I'm at the house listening to vengaboys alone. Please come home.
Apparently I'm the guy that didn't get the memo that Afliction and wifebeaters were the proper attire for tonight... so I'll just sit here alone in my sweatervest and be judged.
Wow. Thanks for becoming another fan of something on Facebook. You make me want to gouge my eyes out.
I faked it too. I just spit on your bed.
Boys can't fool me. I know "want to come up and meet my dogs?" is just a nondirect way of saying "come up and meet my penis".
And just when I was about to fall asleep, he hit me in the face, and claimed he's a "violent sleeper".
What do I have to do to get you laid? I talked to that girl with the ugly dog for 45 minutes trying to get you in, and all you said was "Steven Spielberg is my favorite director."
Remember that pineapple I soaked in vodka last month? Just found it- nothing is growing on it? Think it's safe?
nah i think i'm gonna take my landlord's kids trick-or-treating instead. apparently the houses around here hand out wine to the adults and candy to the kids.
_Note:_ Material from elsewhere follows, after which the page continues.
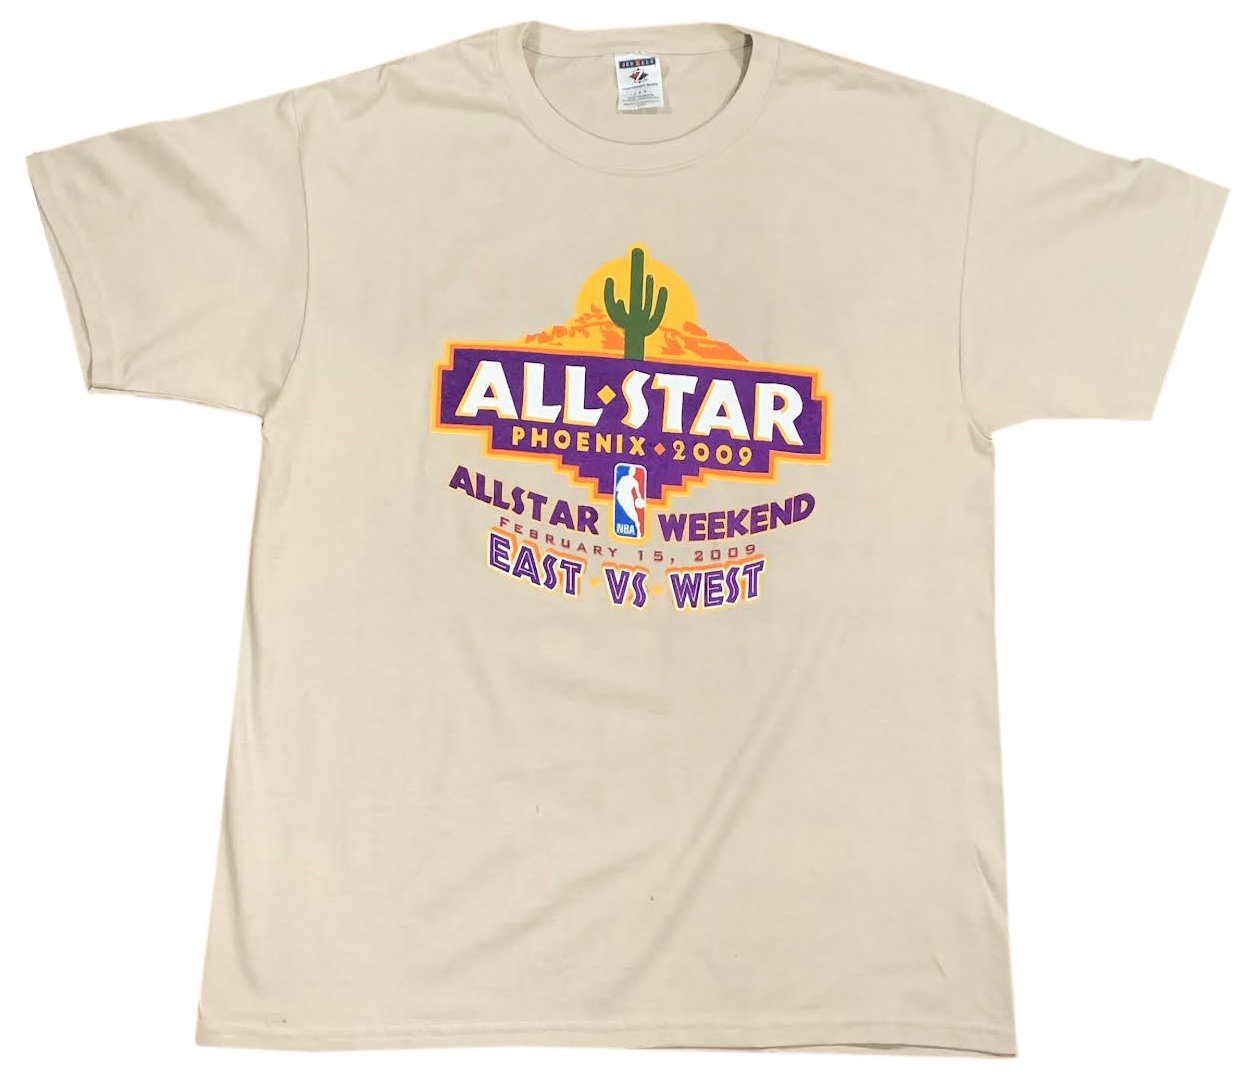 NBAAllStar on X: #TBTThe Big Three for the @celtics at the 2009 # NBAAllStar game.  / X

Just left the frat house in last nights clothes minus my earings, shoes, underware, tequilla cap, and my dignity. If you see me on your way home just hit me
Maybe if more guys knew my pillowtalk occasionally includes me scribbling notebook diagrams of cell signalling pathways, I'd get laid more often
you closed your eyes and pointed to a cupboard..there was vodka on the top shelf. your sixth sense is amazing. plus, we convinced the foreign kid you're a booze whisperer
that's where you went wrong. never assume I'm adult enough to do something on my own.
We banged in my car doggy style with my head out the window. The sky was marvelous and I saw a shooting star. Its destiny; we're meant to fuck forever.
This is the nicest bathroom I've ever been drunk in. The urinal is gold.